PROBLEM TO SOLVE >> Below is a listing. Quote from it, exactly, the lines from the one containing "Shadow Attorney General" down to the one containing "Until I’m ready, let", both ends included, and nothing else.

GIVEN DATA >>
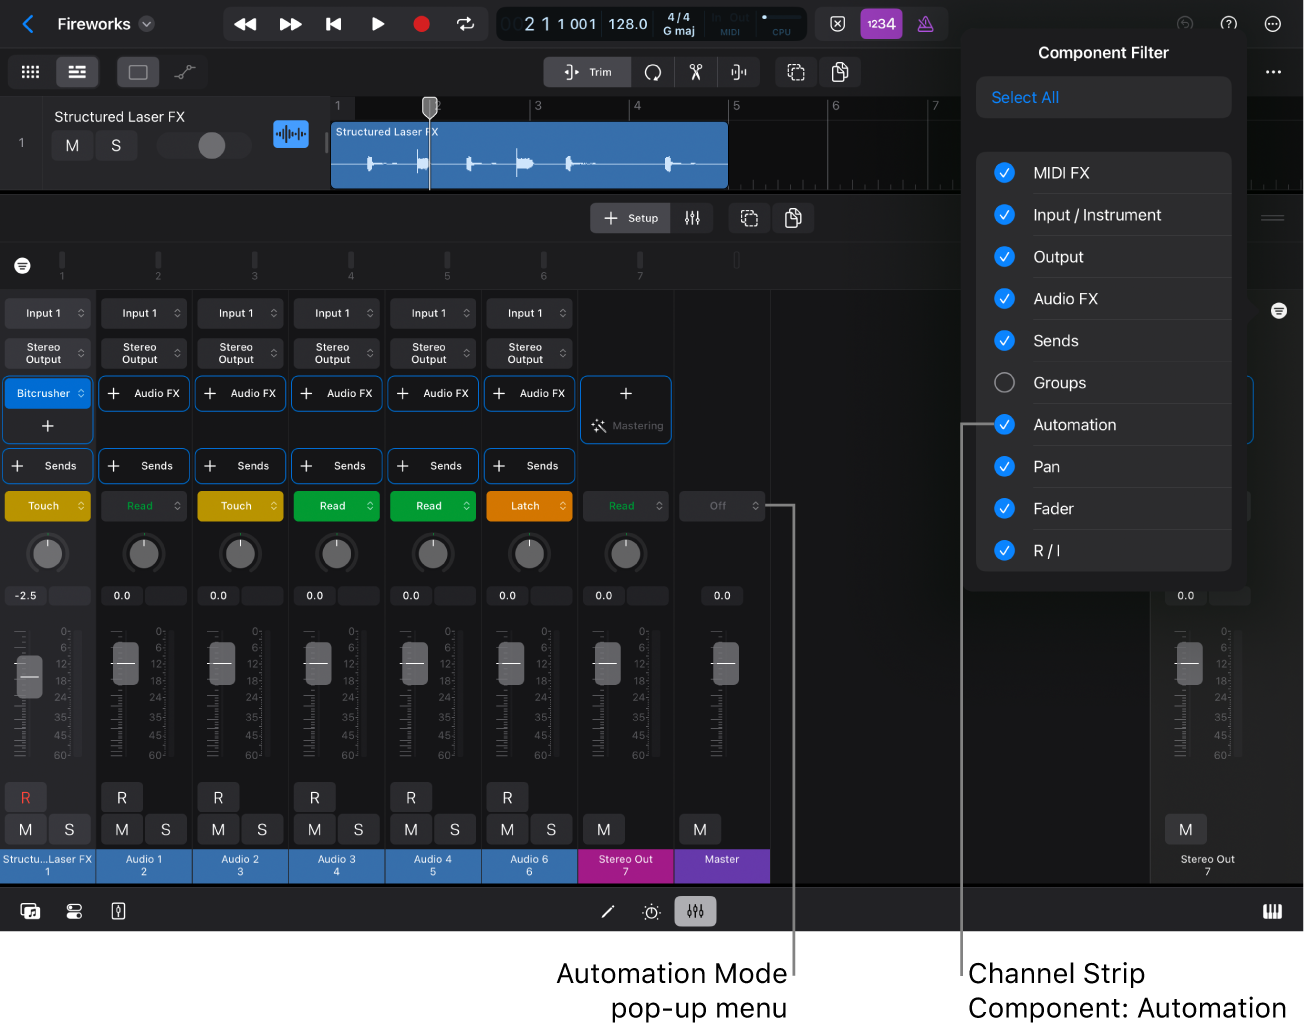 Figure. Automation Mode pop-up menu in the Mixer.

---

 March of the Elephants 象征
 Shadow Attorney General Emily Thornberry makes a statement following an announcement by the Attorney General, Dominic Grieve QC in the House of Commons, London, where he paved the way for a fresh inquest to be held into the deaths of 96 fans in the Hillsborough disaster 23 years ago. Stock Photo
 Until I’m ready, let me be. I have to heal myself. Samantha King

SOLUTION >>
 Shadow Attorney General Emily Thornberry makes a statement following an announcement by the Attorney General, Dominic Grieve QC in the House of Commons, London, where he paved the way for a fresh inquest to be held into the deaths of 96 fans in the Hillsborough disaster 23 years ago. Stock Photo
 Until I’m ready, let me be. I have to heal myself. Samantha King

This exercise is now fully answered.